(DATA SUPPLIED begins)
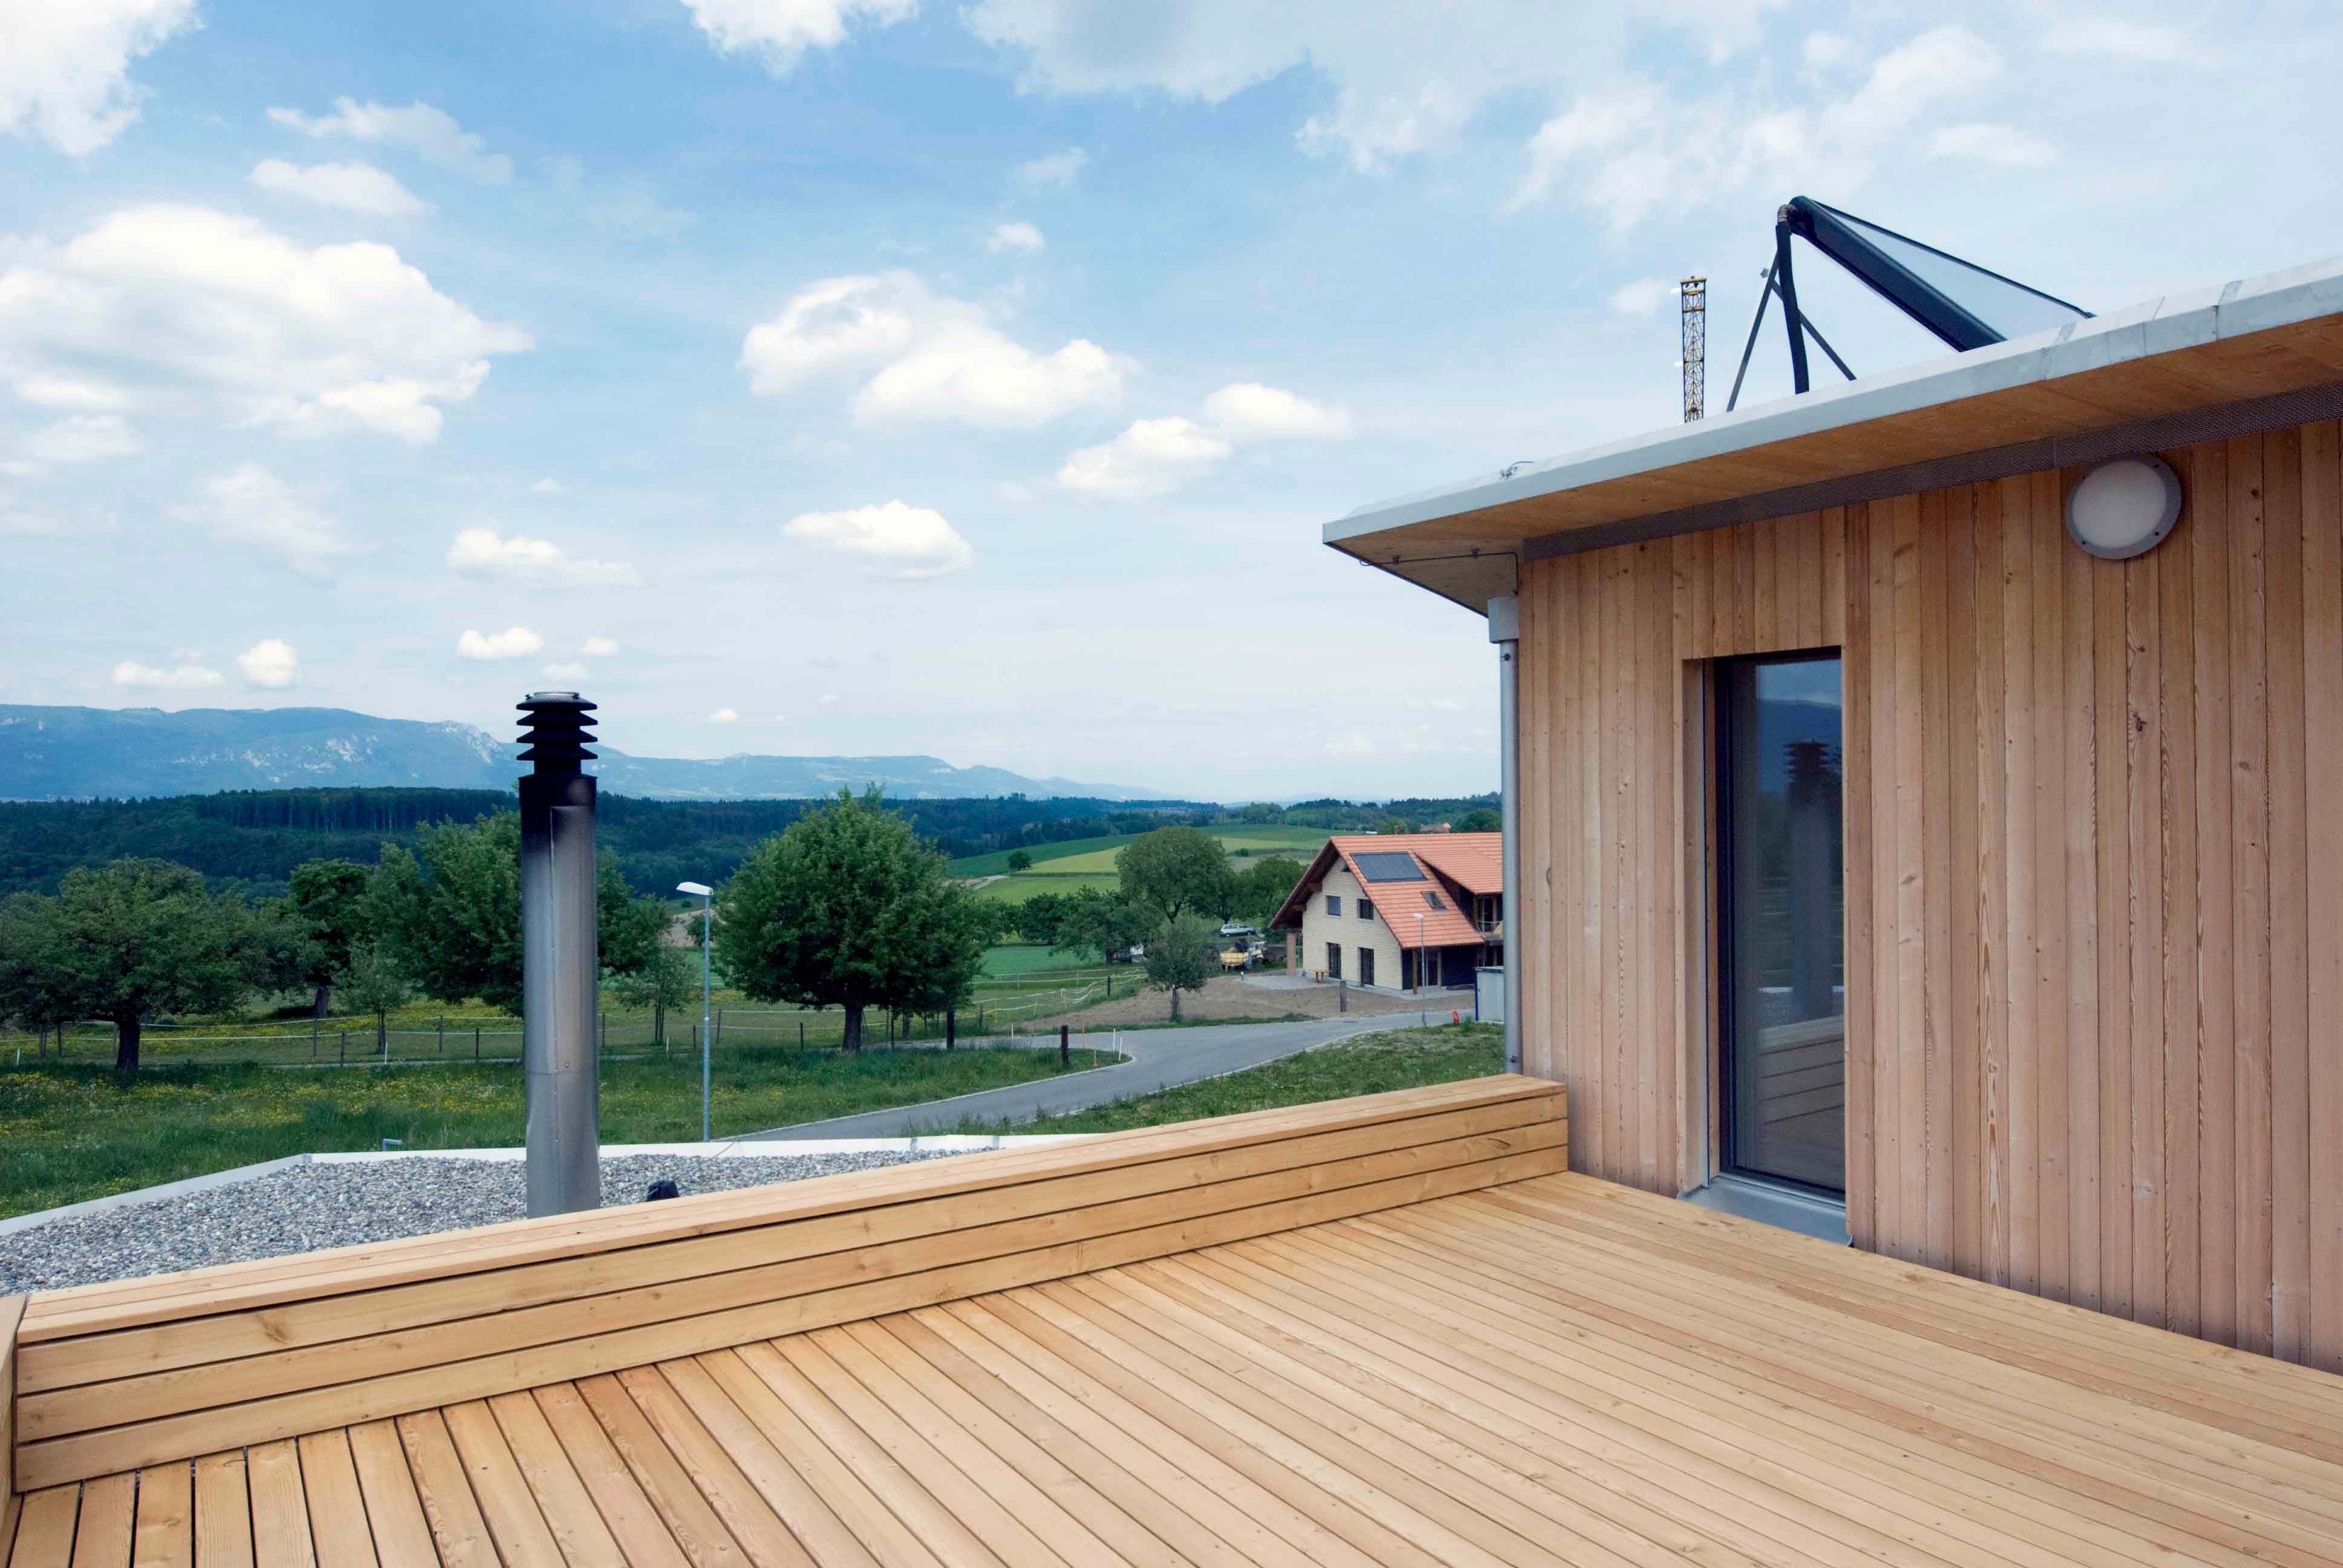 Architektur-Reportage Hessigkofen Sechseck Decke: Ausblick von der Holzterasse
(DATA SUPPLIED ends)
(DATA SUPPLIED begins)
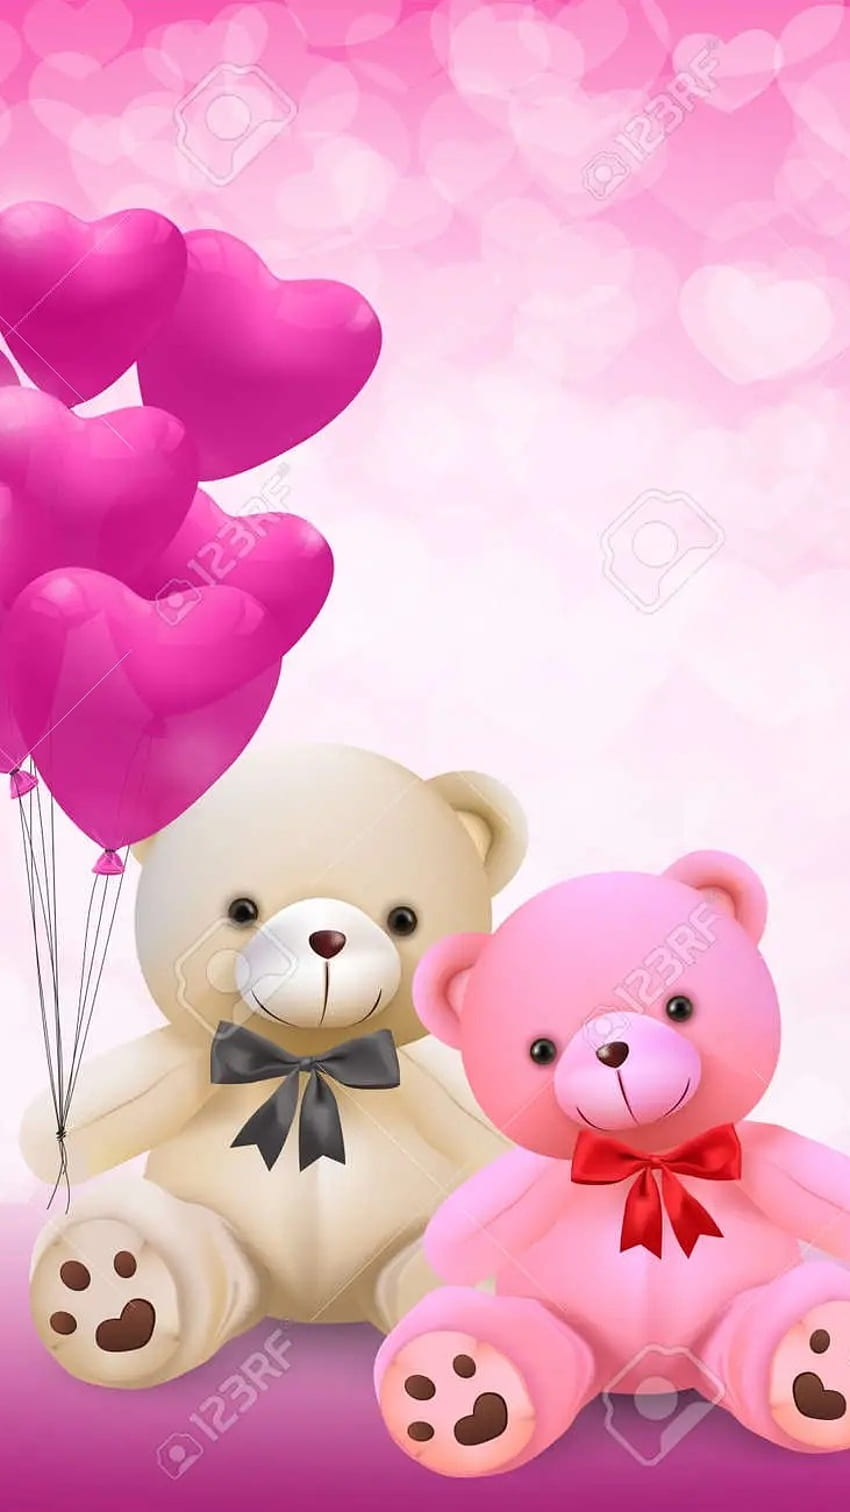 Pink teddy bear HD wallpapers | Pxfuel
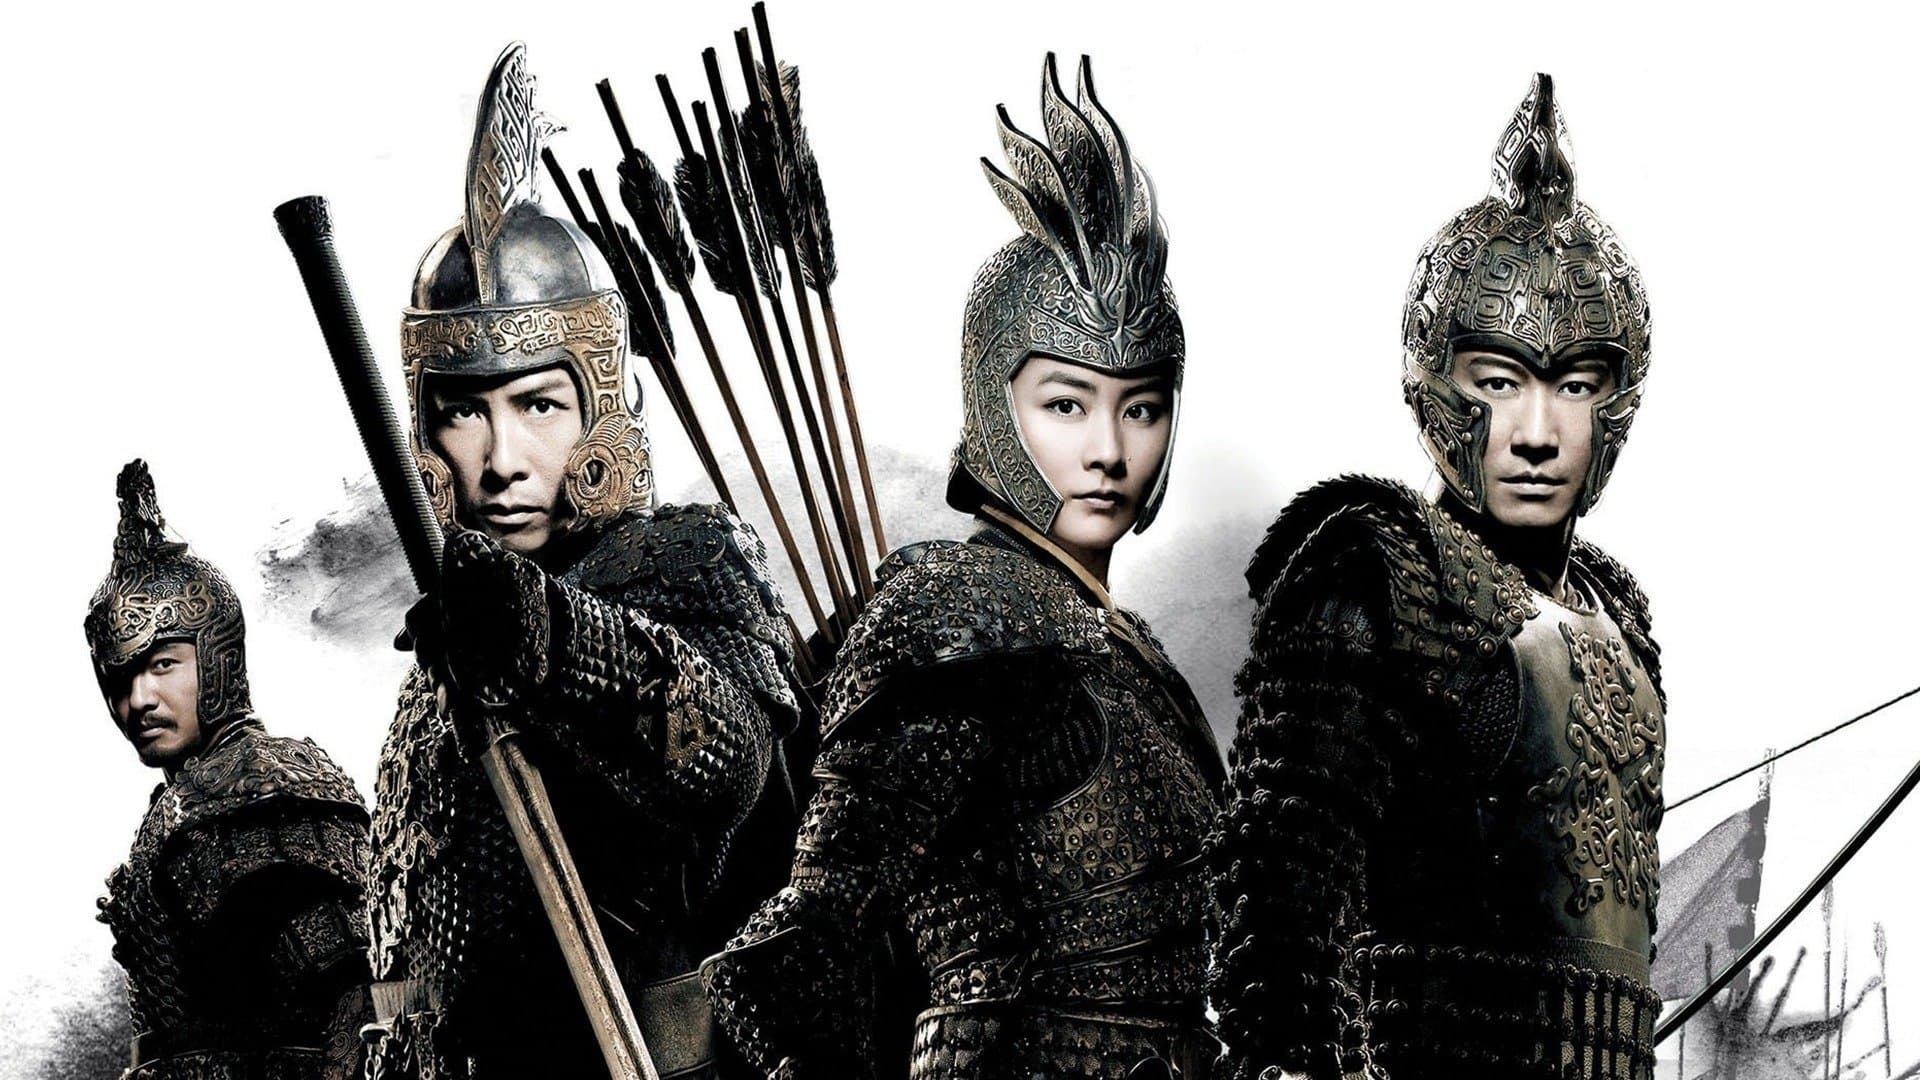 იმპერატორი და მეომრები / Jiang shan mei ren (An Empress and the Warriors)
(DATA SUPPLIED ends)
Above are some entries. Restate word for word the lines from the one holding "Pink teddy bear HD wallpapers | Pxfuel" through the one holding "იმპერატორი და მეომრები", but not the pictures.

RESPONSE BOX ->
 Pink teddy bear HD wallpapers | Pxfuel
 იმპერატორი და მეომრები / Jiang shan mei ren (An Empress and the Warriors)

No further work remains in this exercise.